After an attacker has been associated and authenticated, his abilities are only limited by your internal network security. For example, suppose you have a network configuration similar to the one in Figure 7.22. This could be your personal home network, or a corporate network with or without all of the components shown. After the attacker has been associated, his next step will be to gain a valid IP address on the network. Using AiroPeek to sniff wireless frames, the attacker can see a listing of IP addresses currently communicating on the network, and he can get a good idea of how the network IP addressing is configured (Figure 7.24).

Figure 7.24. IP addresses captured using AiroPeek.

Now that the attacker has a valid IP address on your network, it is time for him to find his target and get more information about your setup.

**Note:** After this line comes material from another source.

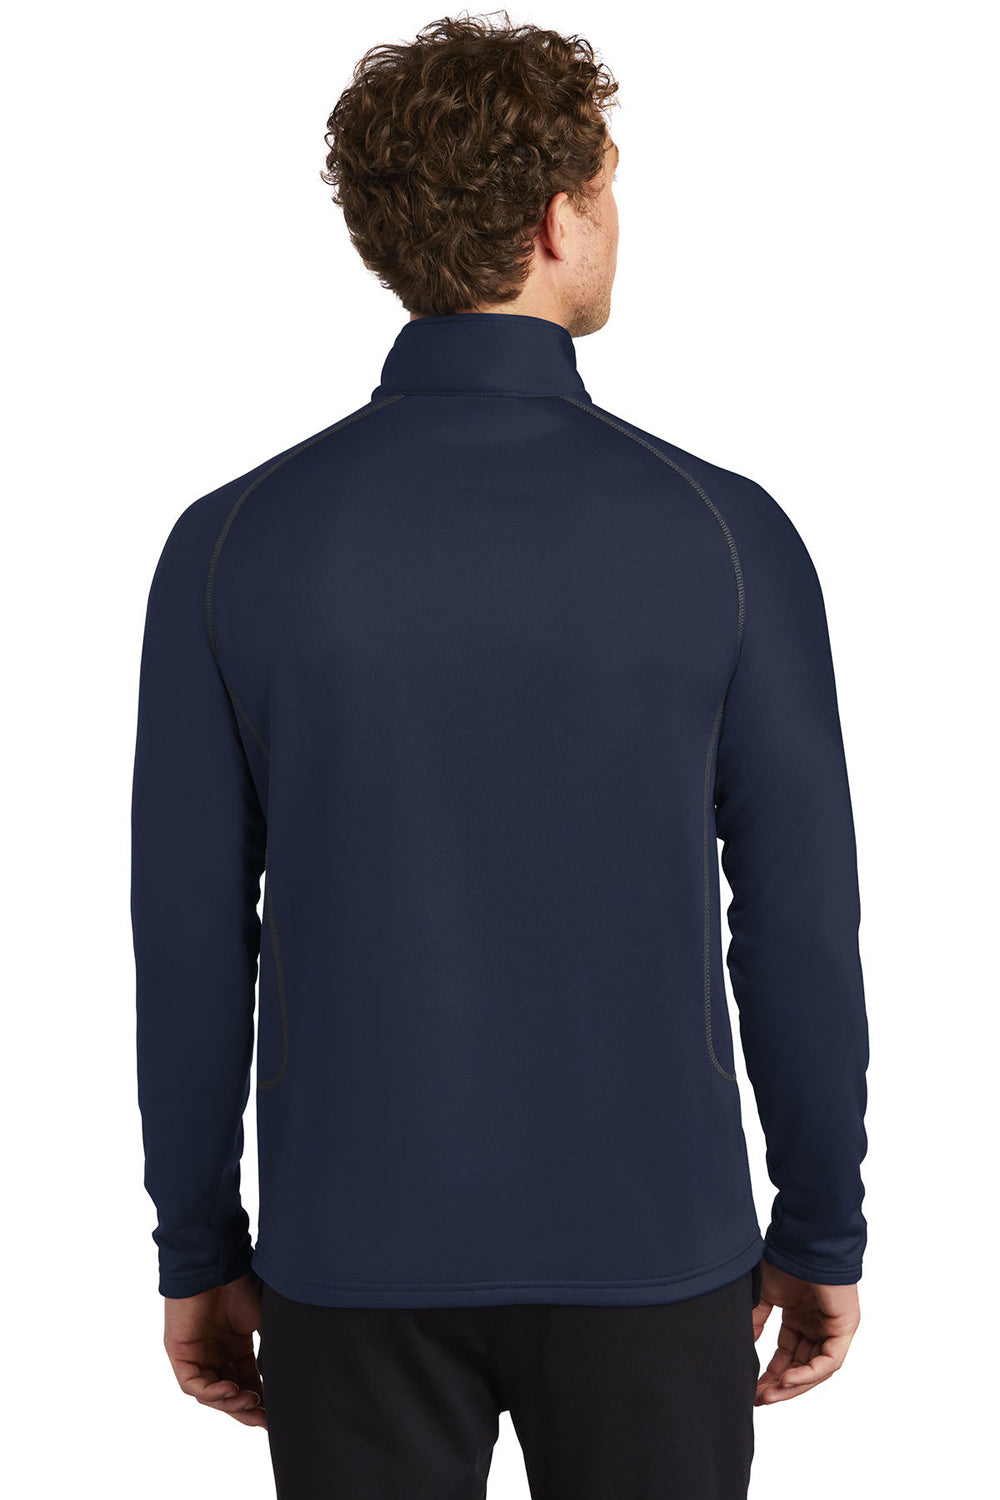 Eddie Bauer EB236 Mens Smooth Fleece 1/4 Zip Sweatshirt River Navy Blue Model Back

The various methods of doing this are no different than those an attacker uses on a standard Ethernet network. Recall when a WNIC associates with an access point, it is as if it is plugging directly into your Ethernet LAN. Hence, general types of information gathering techniques such as port scans and ping sweeps all apply. These various methods will supply the attacker with a list of available resources on your network, such as your printer.

In this example, let's assume the printer has its own built-in TCP spooler and is configurable via a Web interface (a common setup for today's enterprise printers). The attacker finds the printer, and while checking out the Web interface, he spots the capability to put the printer into a test page loop, causing it to print test page after test page. Meanwhile, you are unable to print because the queue is full of these test pages, and your printer is running out of toner quite fast. This is just one example of a fairly harmless yet highly annoying type of attack.

Printer attacks are fairly benign . However, consider how vulnerable this makes your critical data stored on the computers and servers in your network. Consider this paradox: Many companies do not feel it is necessary to protect their internal networks from attacks generated on the inside. Why, then, do they lock their building doors at night, yet not supply every employee with a key?